-------- Data excerpt
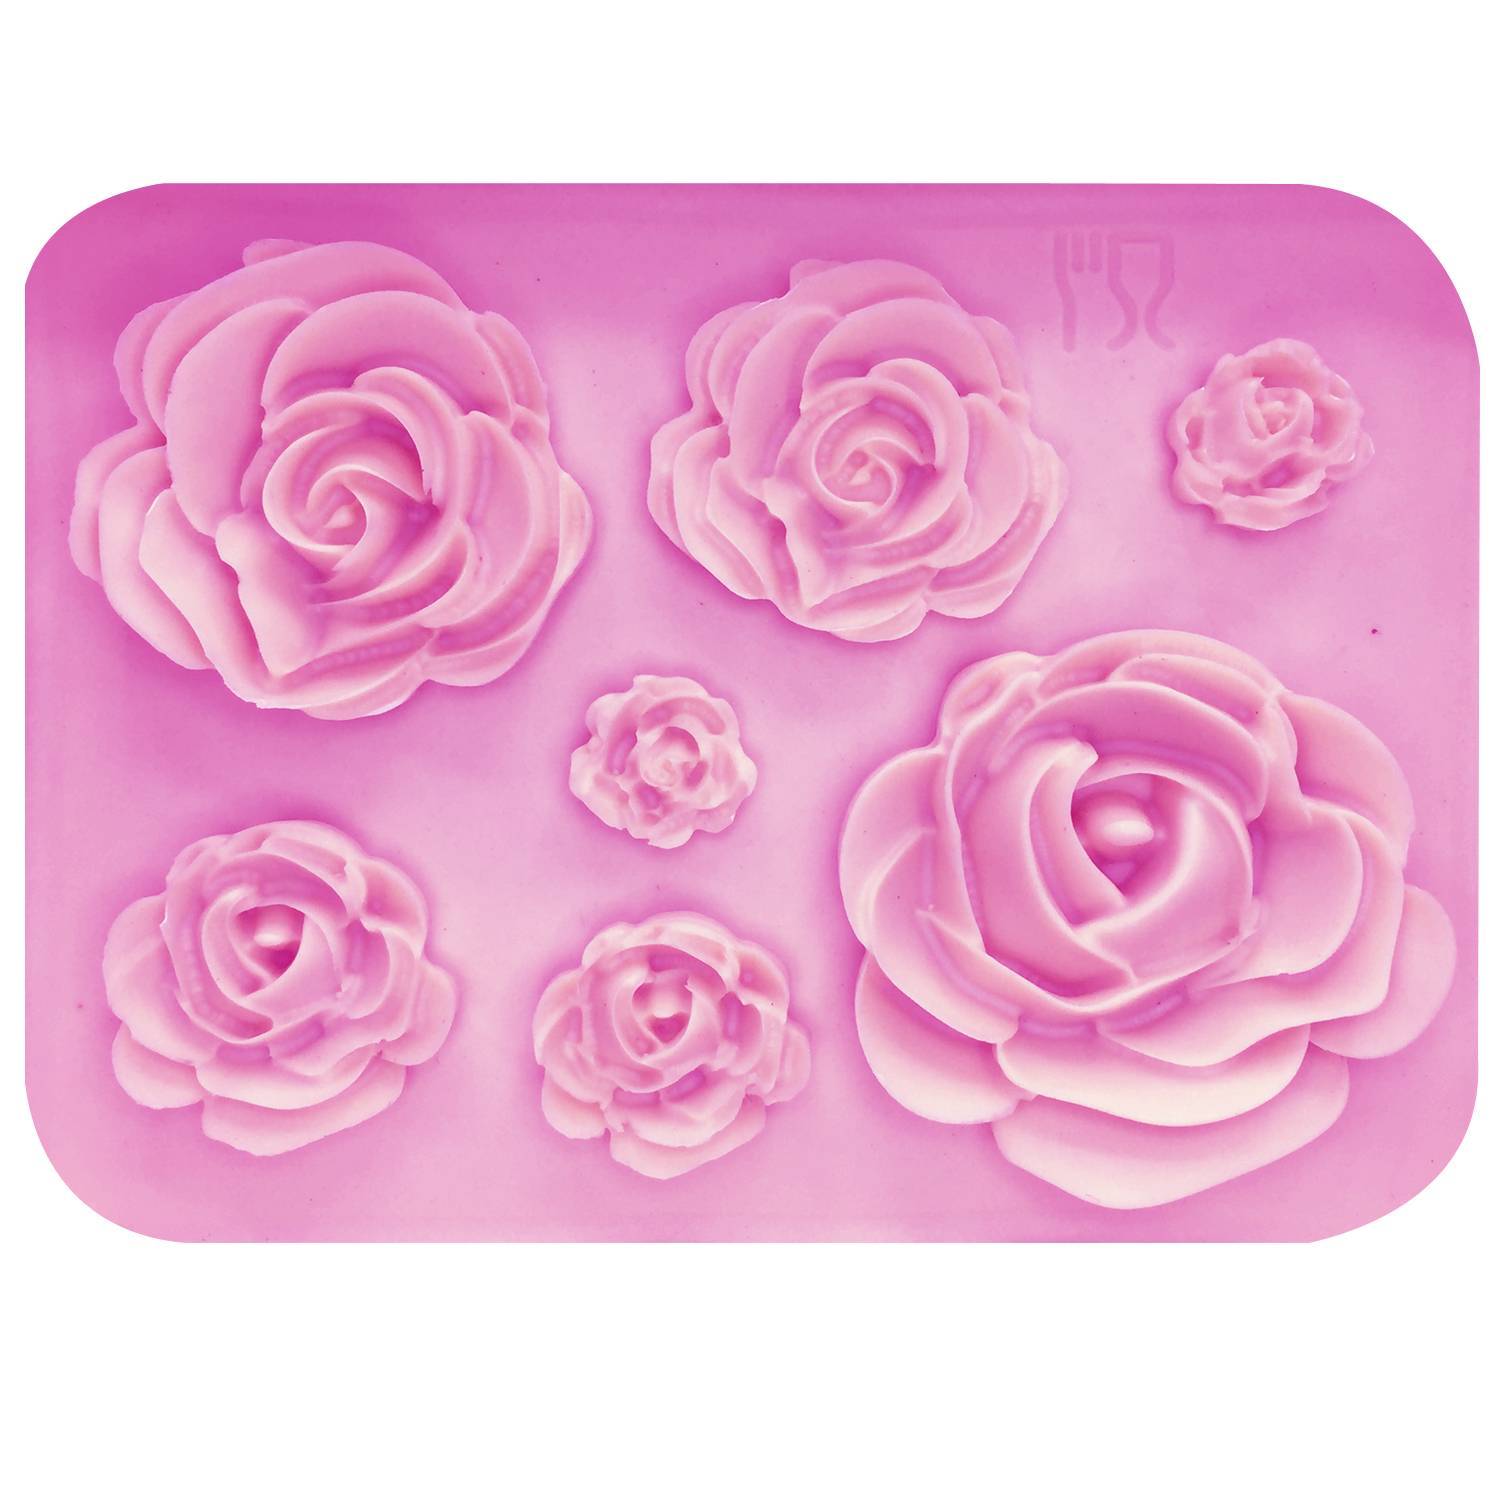 Rose Flowers Shaped Silicone Cake Mold
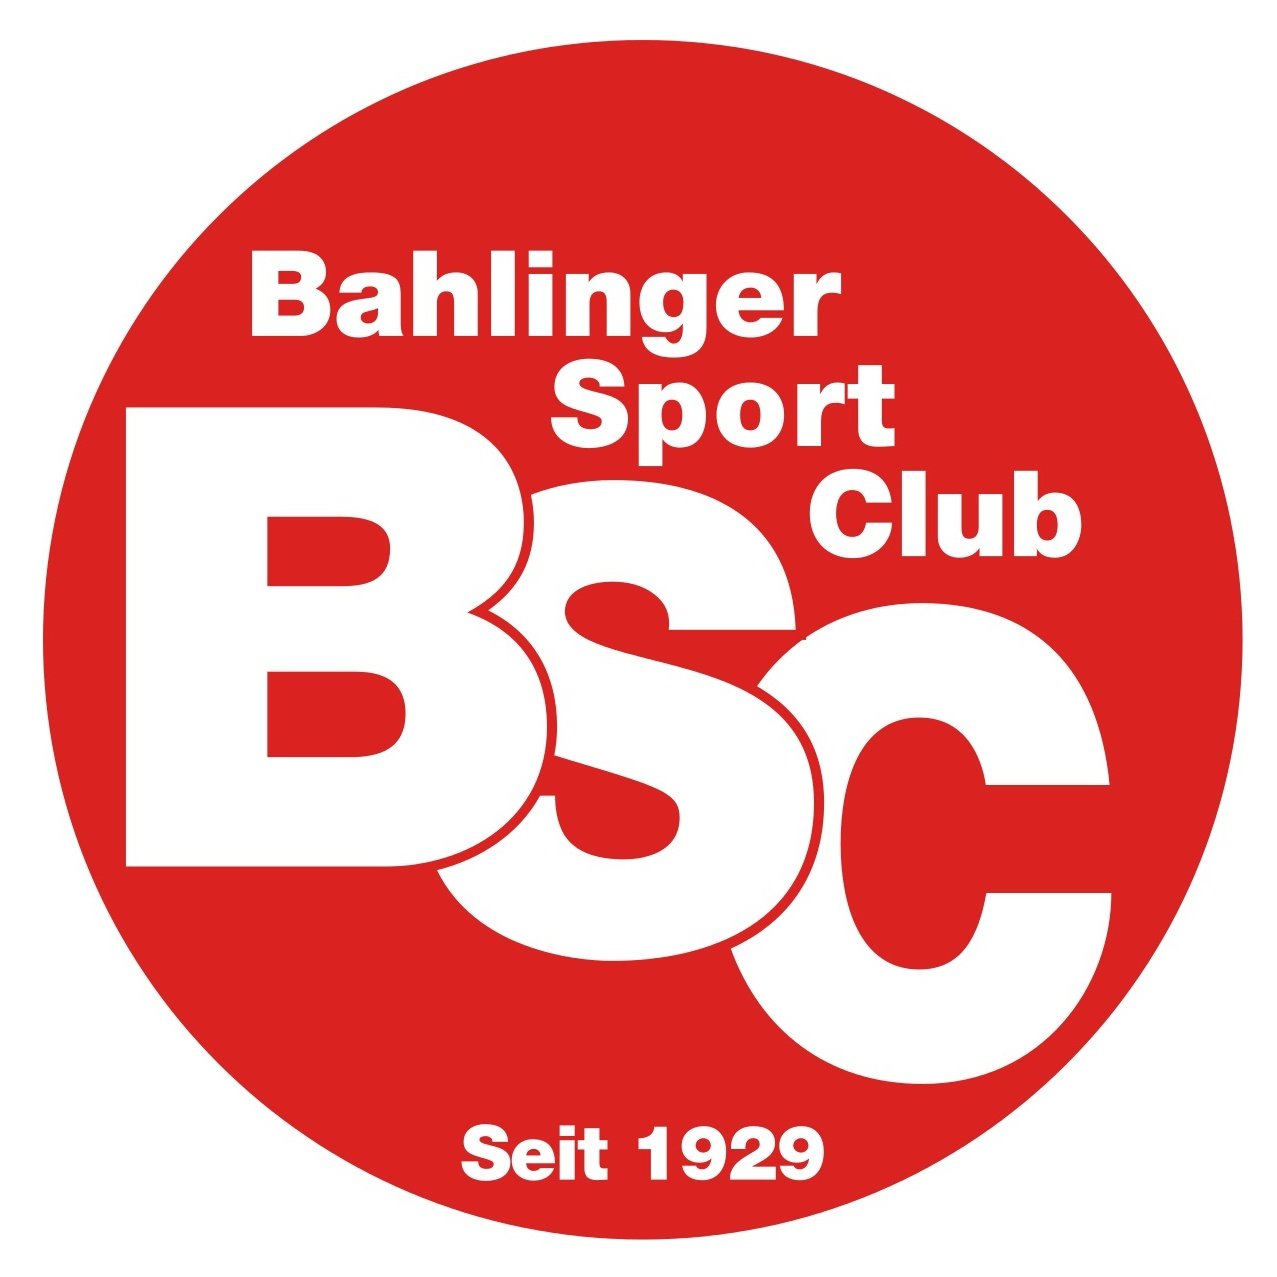 Escudo del Bahlinger Sub 19
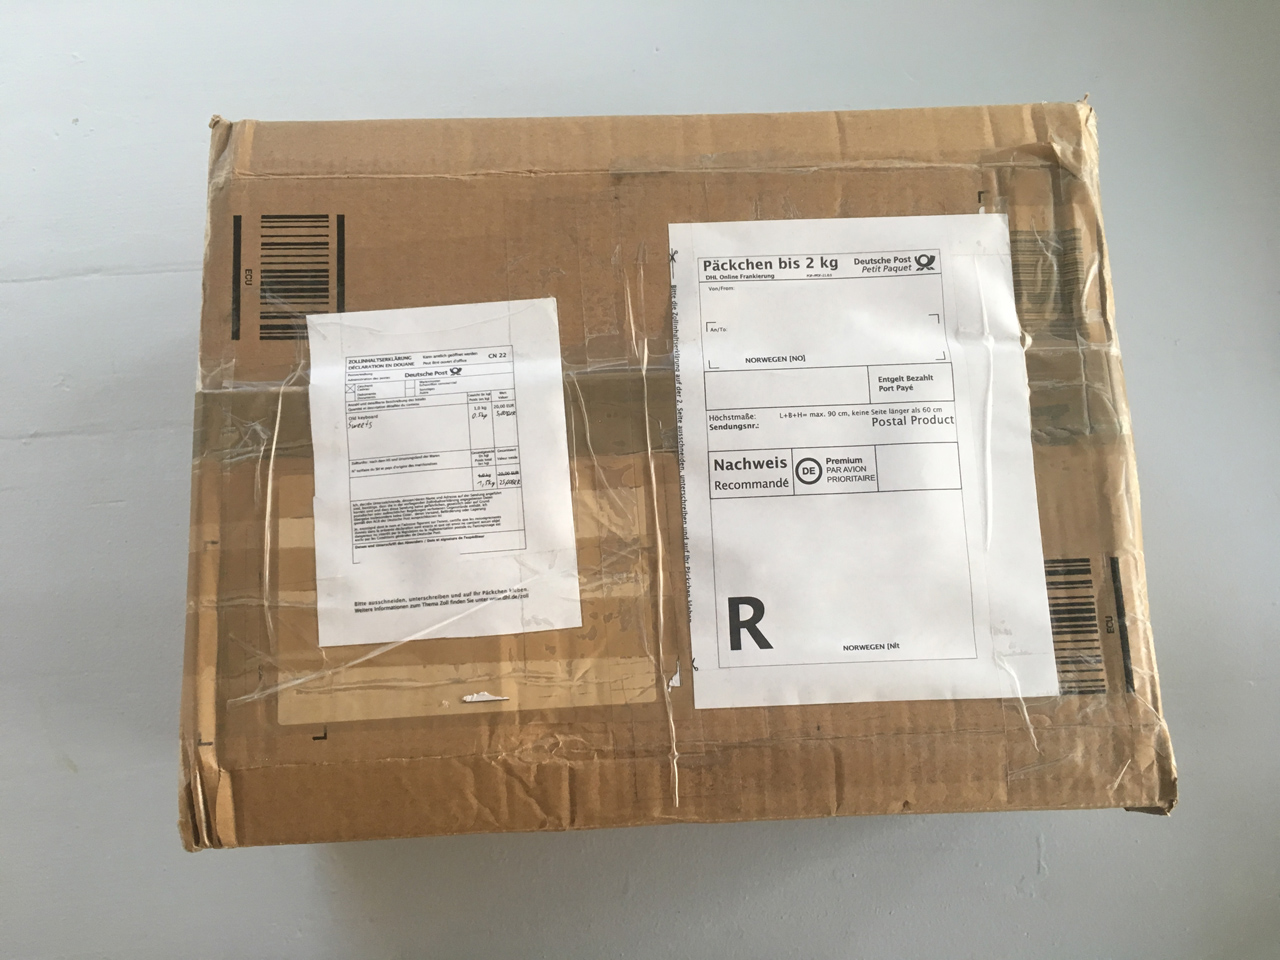 Big secret box from Germany!
----------------
*Task to complete*
Leave the images out. Set down all of the material above exactly.

*Result below*
 Rose Flowers Shaped Silicone Cake Mold
 Escudo del Bahlinger Sub 19
 Big secret box from Germany!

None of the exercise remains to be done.